> Provided material:
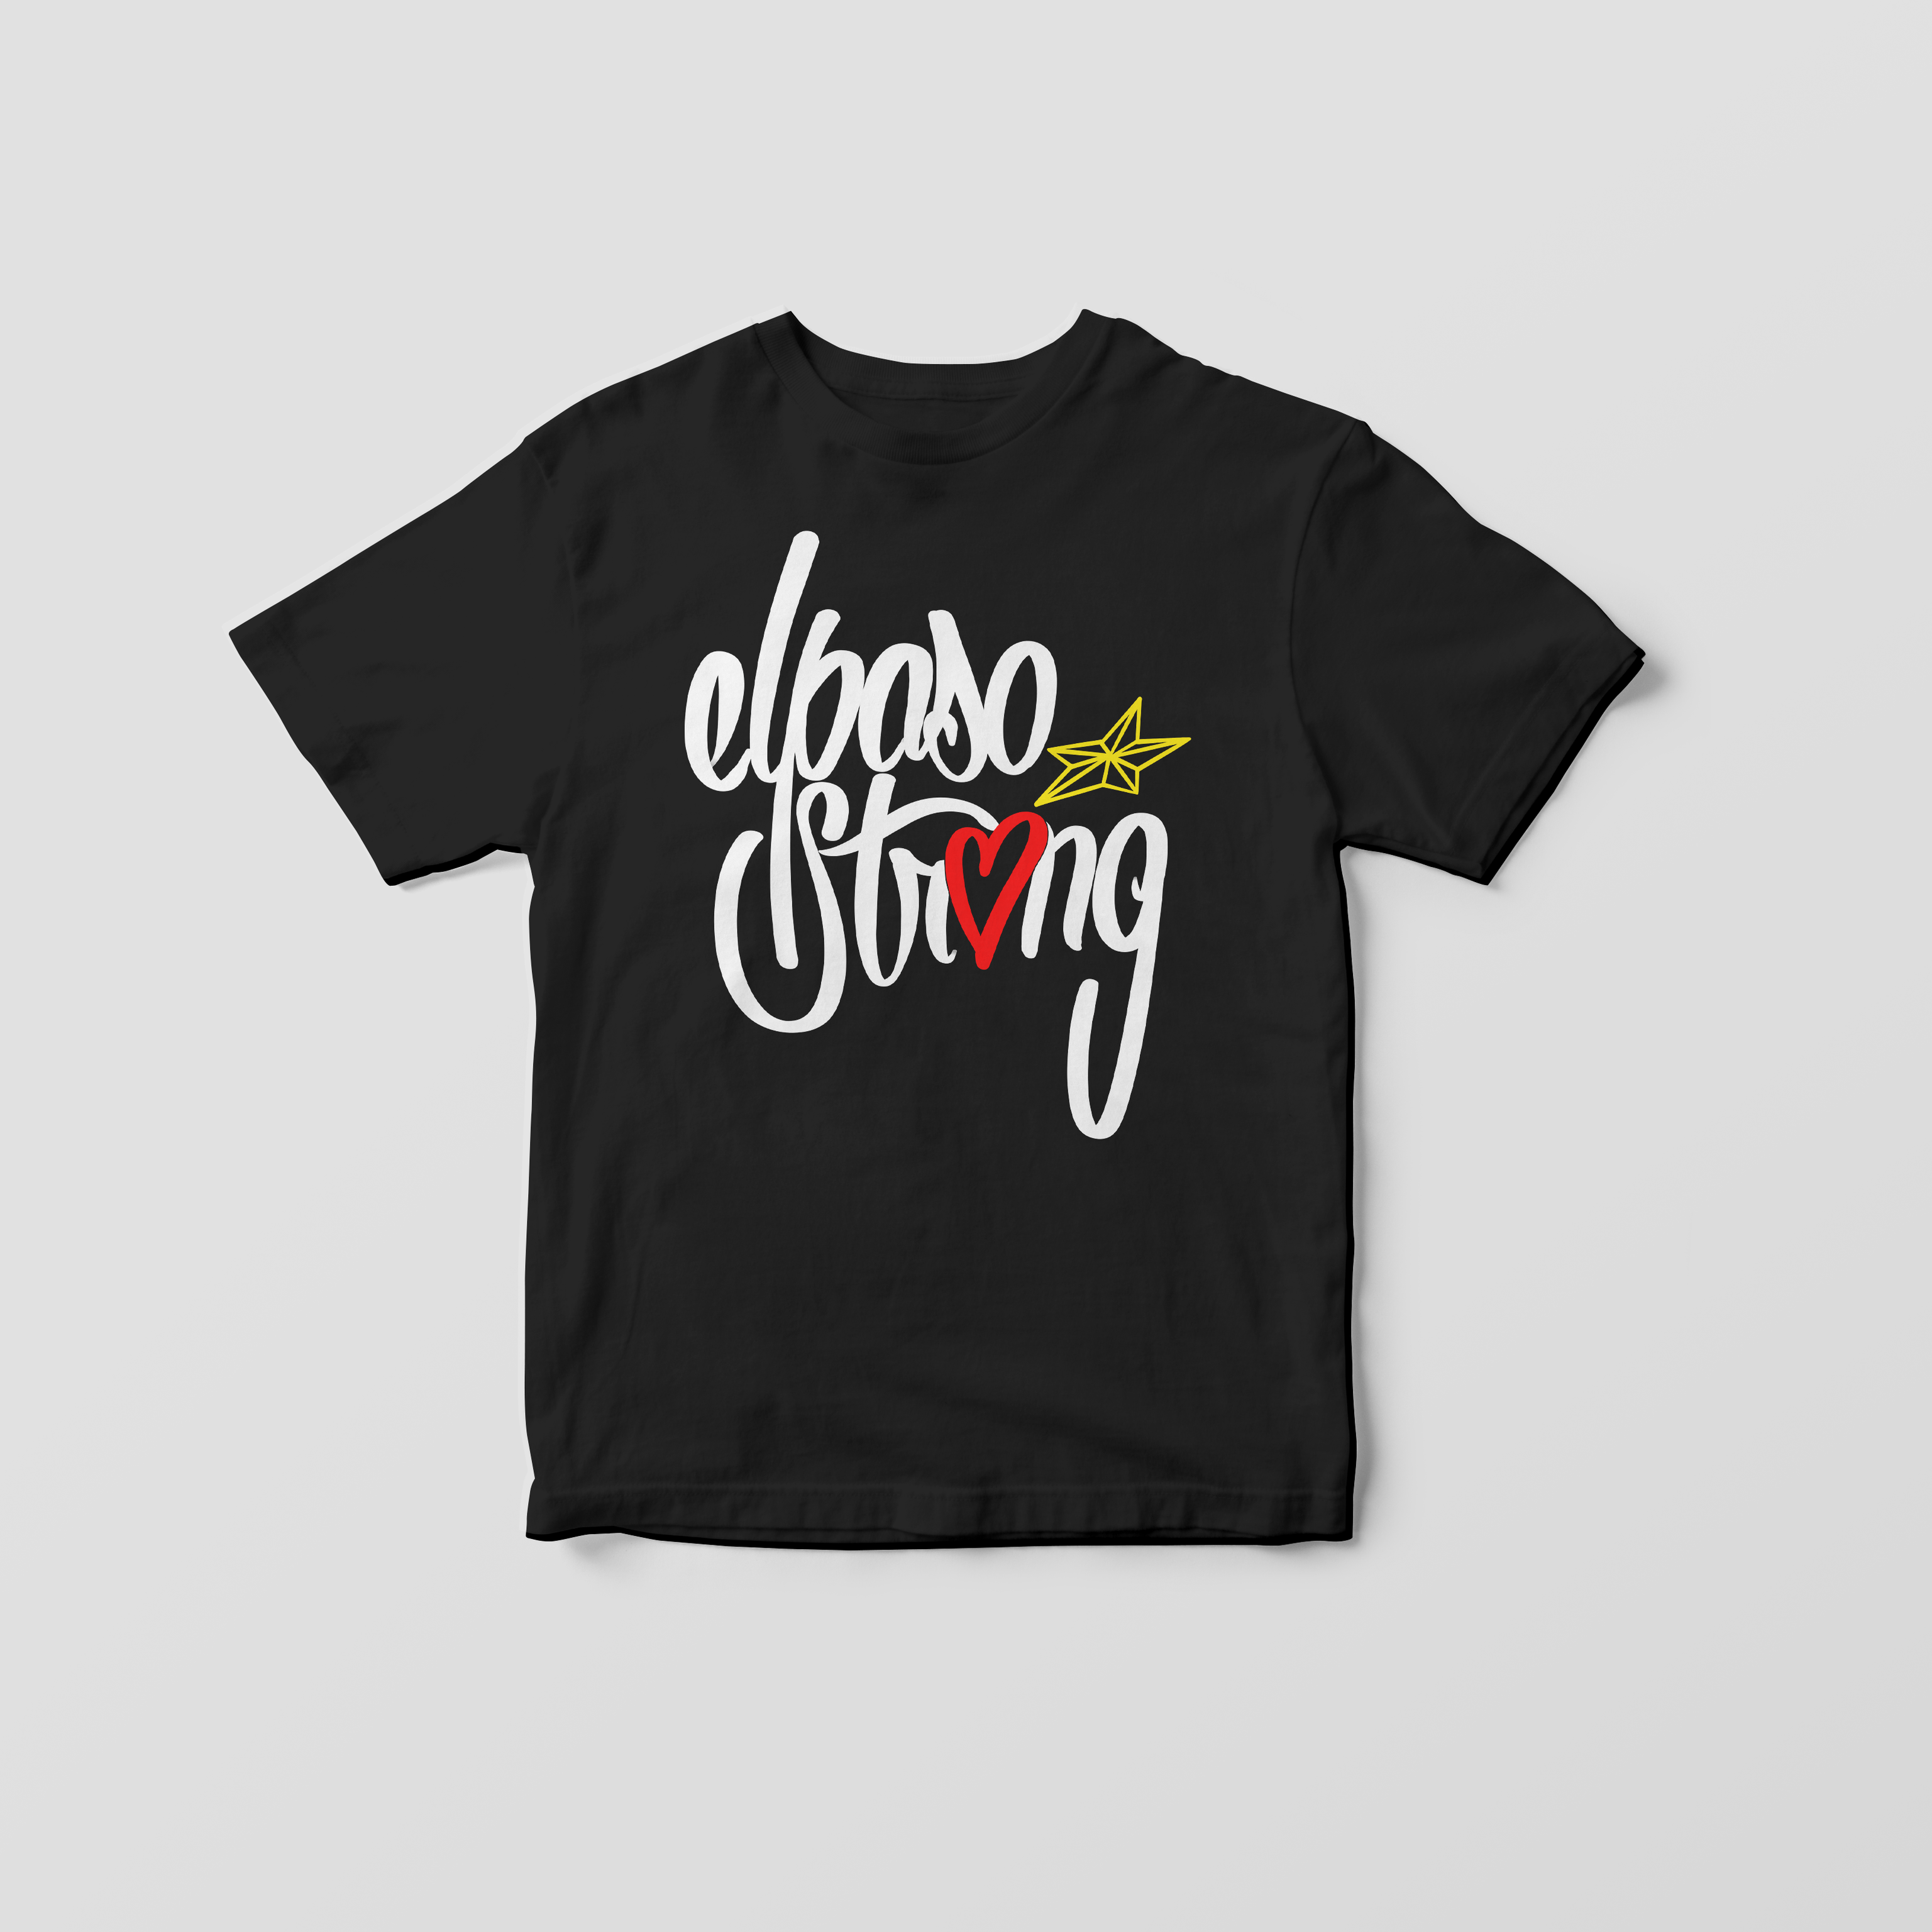 El Paso Strong Youth T-Shirt by Alex Arriaga (LX_1984)
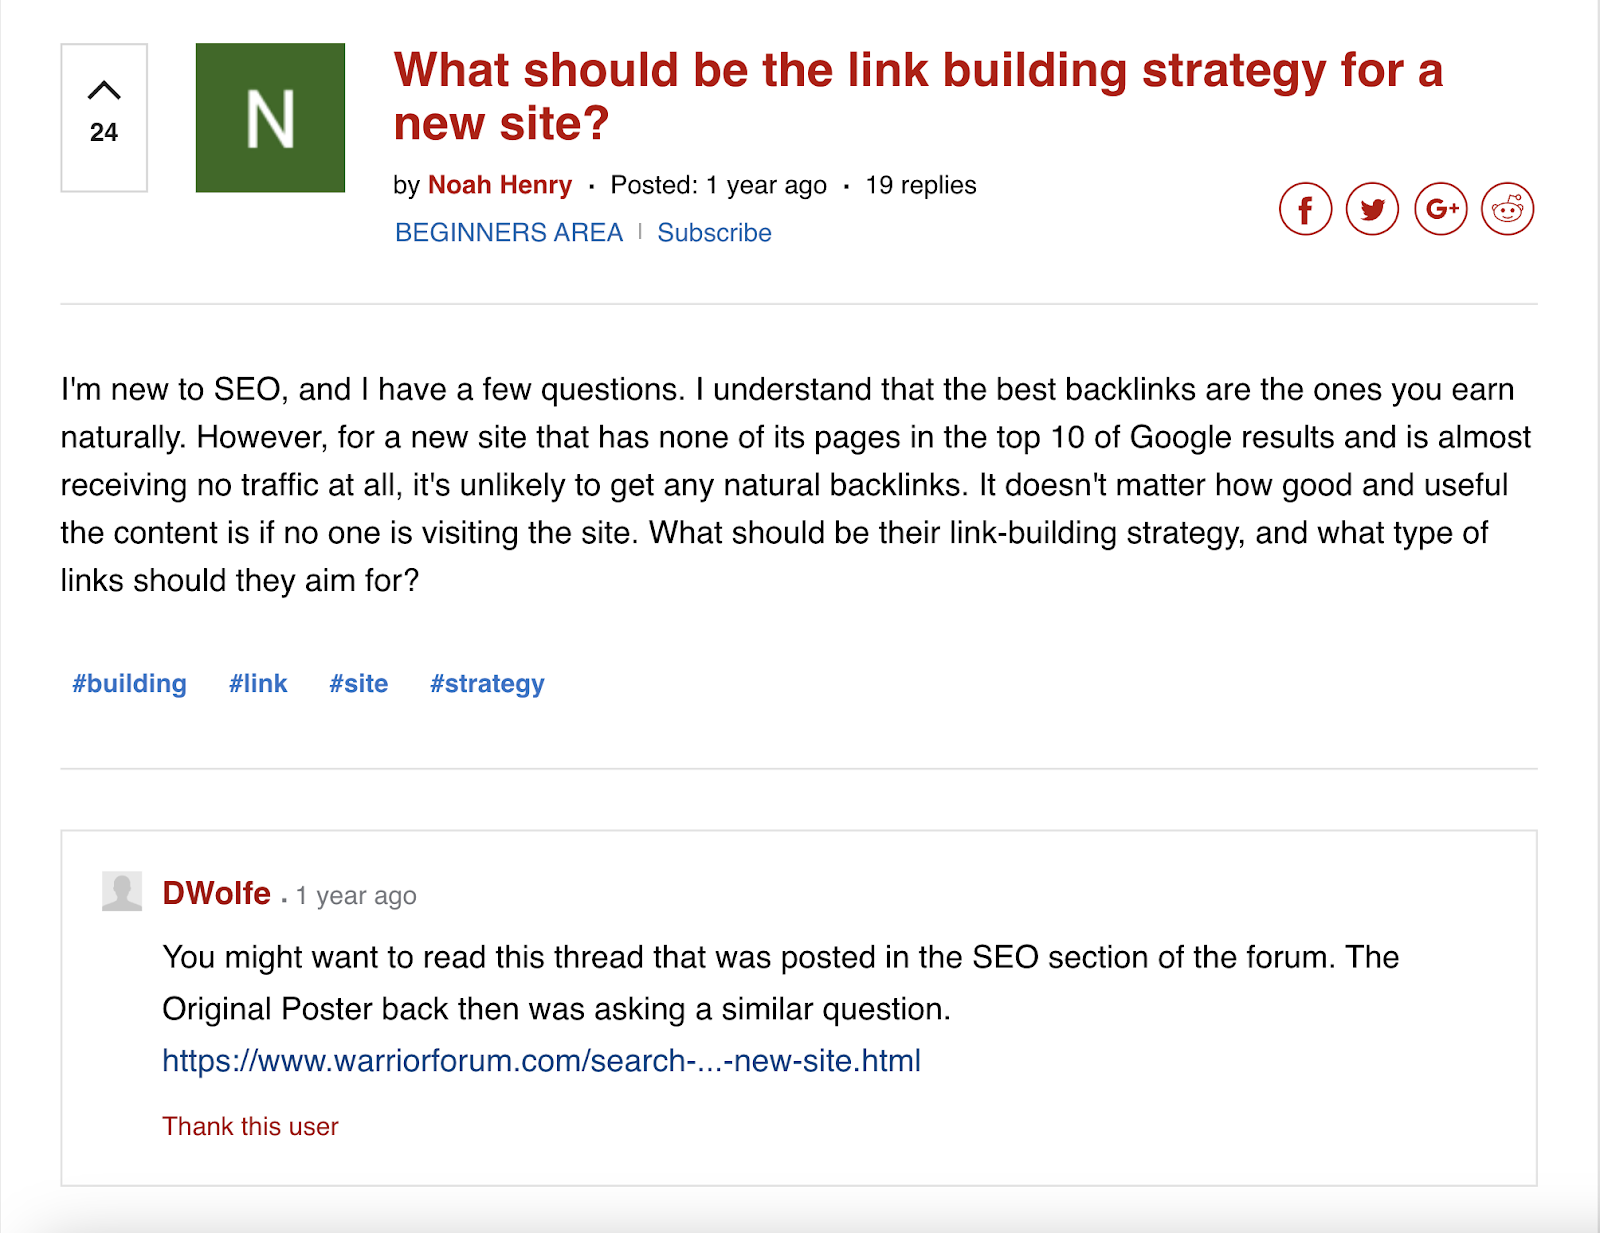 Warrior Fo، thread asking what s،uld be the link building strategy for a new site. A reply answers with a link to another, similar thread.
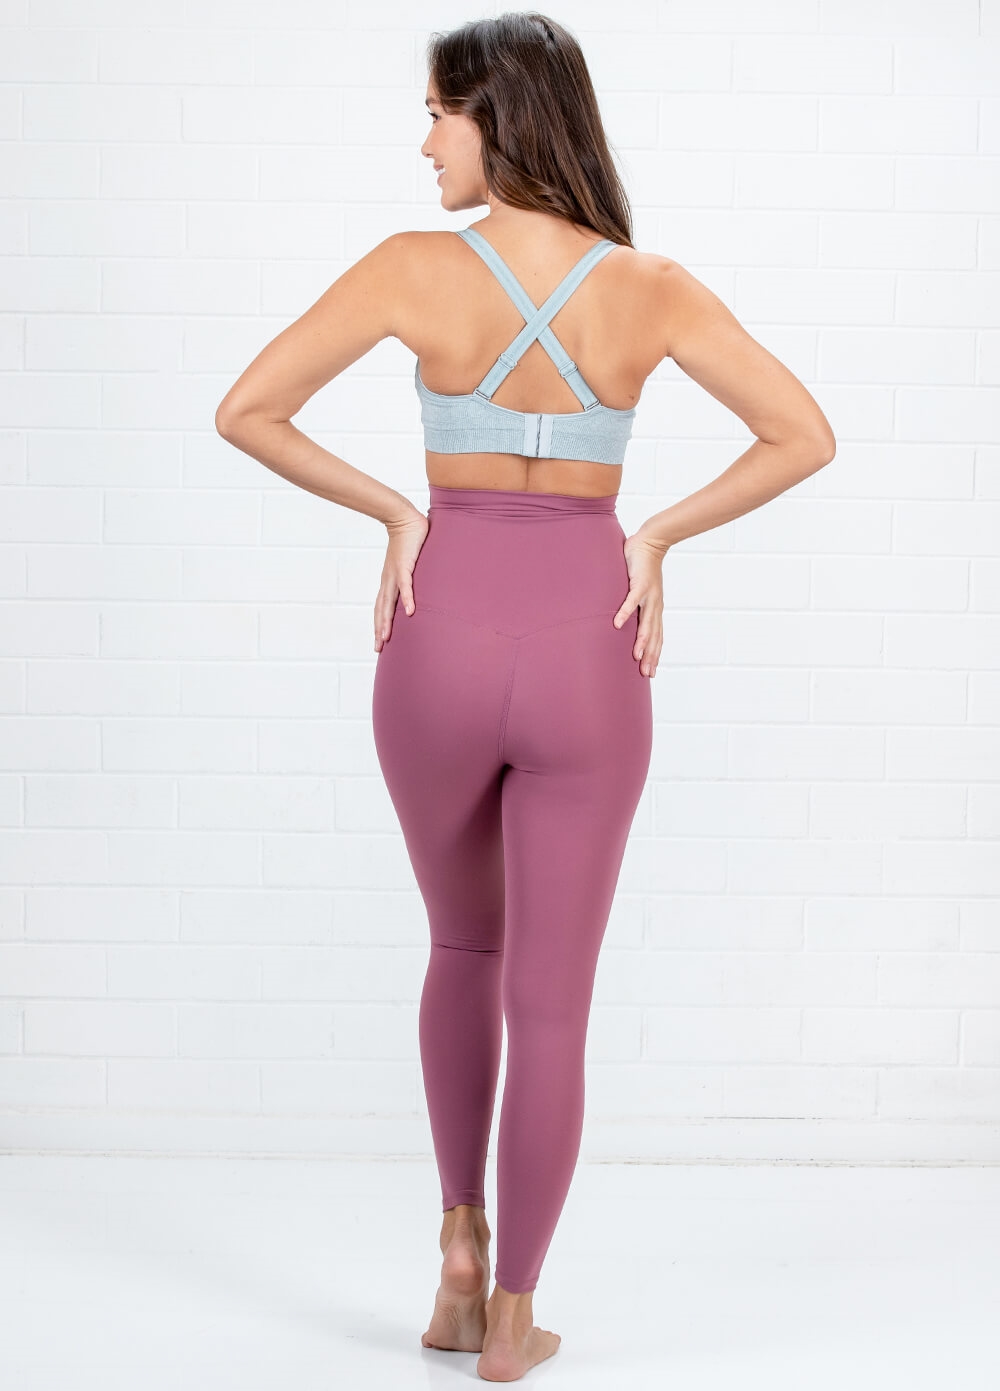 Queen Bee - Jenna High Waist Active Shaping Tights in Persian Rose

> About this task: Pictures must be left out. Repeat exactly the lines from the one containing "Warrior Fo، thread" through the final line of the data.

> Answer:
 Warrior Fo، thread asking what s،uld be the link building strategy for a new site. A reply answers with a link to another, similar thread.
 Queen Bee - Jenna High Waist Active Shaping Tights in Persian Rose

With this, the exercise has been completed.